La Moneda: ¿Espacio para improvisar?

Tener nacionalidad chilena, 35 años cumplidos y las otras cualidades necesarias para ser ciudadano con derecho a sufragio. Tampoco tener penas aflictivas. Punto. Eso es. ¿A cuántos puestos de trabajo con cierta especialización y responsabilidad se puede acceder hoy en Chile con estos requisitos? A pocos probablemente. Son, sin embargo, los requisitos necesarios para ser elegido Presidente de la República.

 

La Moneda no puede terminar siendo un espacio al que se llega a tratar de ser político, a improvisar seducido solo por buenas intenciones y utopías librescas.
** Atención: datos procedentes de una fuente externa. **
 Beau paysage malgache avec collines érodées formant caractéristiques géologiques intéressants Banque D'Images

La Moneda no es peldaño hacia otro cargo, sino el cargo más alto y honroso al que un chileno puede postular.

Insuficientes, a mi entender, para dirigir con ciertas posibilidades de éxito a un país como el nuestro en esta fase de complejo desarrollo económico, político, ambiental y tecnológico a nivel nacional y mundial. La responsabilidad ciudadana es hoy, por lo tanto, mayor que nunca. La razón es sencilla: no todo quien califica para postular a la Presidencia, está capacitado para ser Presidente. Presidir un país no es solo querer hacer, sino sobre todo saber hacer. Pero nunca han sido tan gravitantes como hoy la imagen y la consigna, no los contenidos y el know how, para postular a La Moneda.
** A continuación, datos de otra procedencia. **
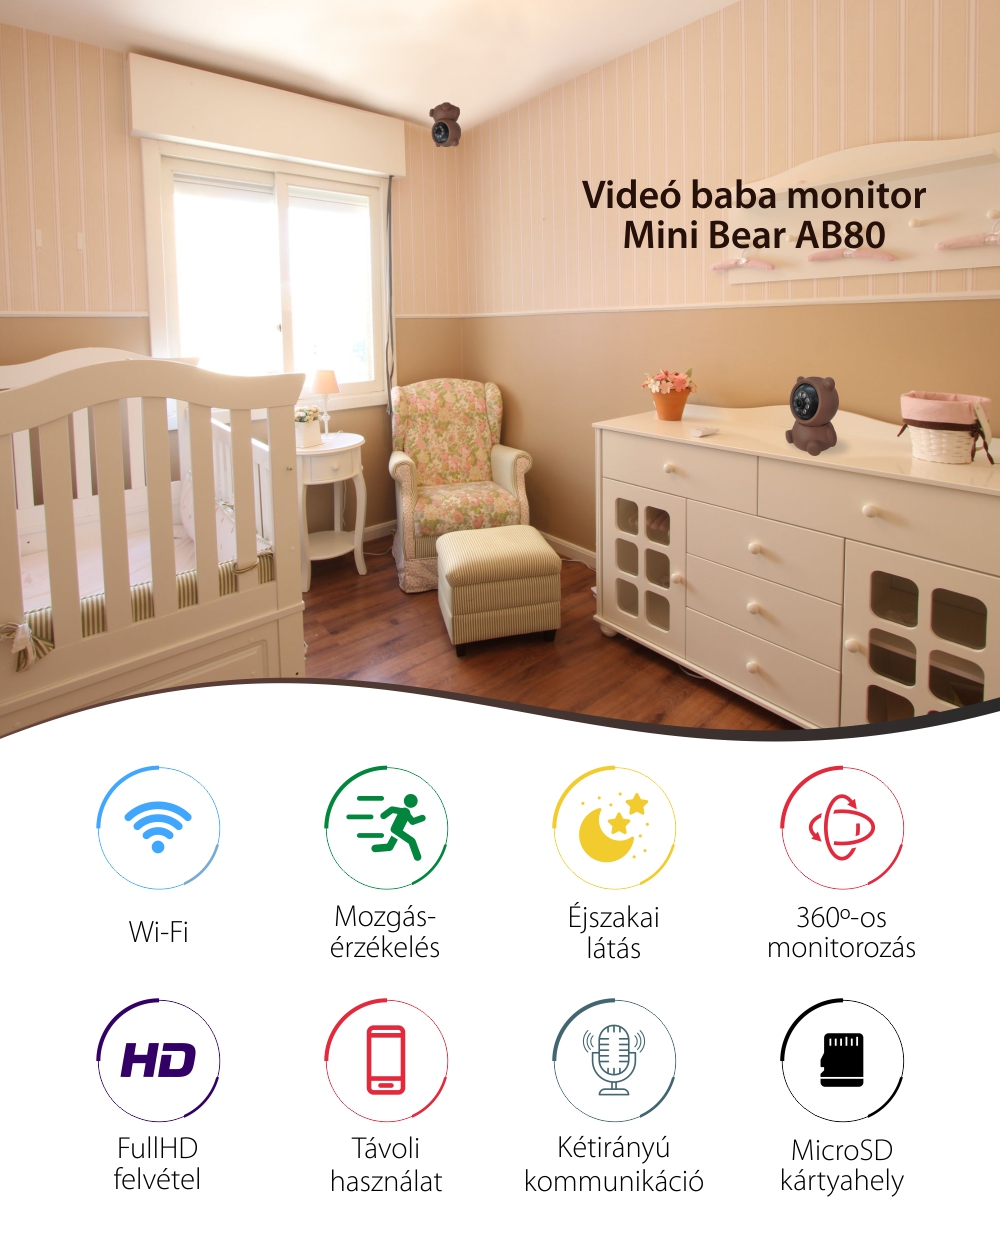 Bébiőr Video AB80 Wi-Fi-vel, Mozgásérzékelés, Éjszakai látás, Full HD felvétel, 360 fokos monitorozás, MicroSD foglalat, Rózsaszín

Un panorama parecido se observa en el Congreso. Al menos para ambas cámaras se exige tener la enseñanza media completa. Allí, donde se legisla, no se exige haber cursado o terminado alguna carrera técnica superior o universitaria. No hablemos de posgrados. ¿A eso se deberán los reiterados bochornos con leyes que se aprueban y no pueden aplicarse? ¿No debería tener que ver la política también con estudios, conocimientos, especialización, experiencia, ciencia, leyes o cultura? ¿Es saludable a estas alturas del siglo que los más altos cargos de elección popular estén abiertos prácticamente a todos sin importar su nivel de capacitación?

La mayoría opina que subir la vara resulta discriminatorio, que los requisitos deben ser mínimos y que el voto popular decida. Por lo mismo, los ciudadanos están llamados a escudriñar con celo la trayectoria, experiencia y capacidad de los candidatos, no solo la simpatía que despiertan o la novedad que representan. Algo difícil en ambientes políticos exacerbados, desde luego. Si la sintonía con el elector ayuda en campaña, poco ayuda después en el ejercicio adecuado del cargo. Muchos votan guiados por la simpatía del candidato, pero terminan exigiéndole, de triunfar, resultados de quien fue escogido en verdad por su idoneidad.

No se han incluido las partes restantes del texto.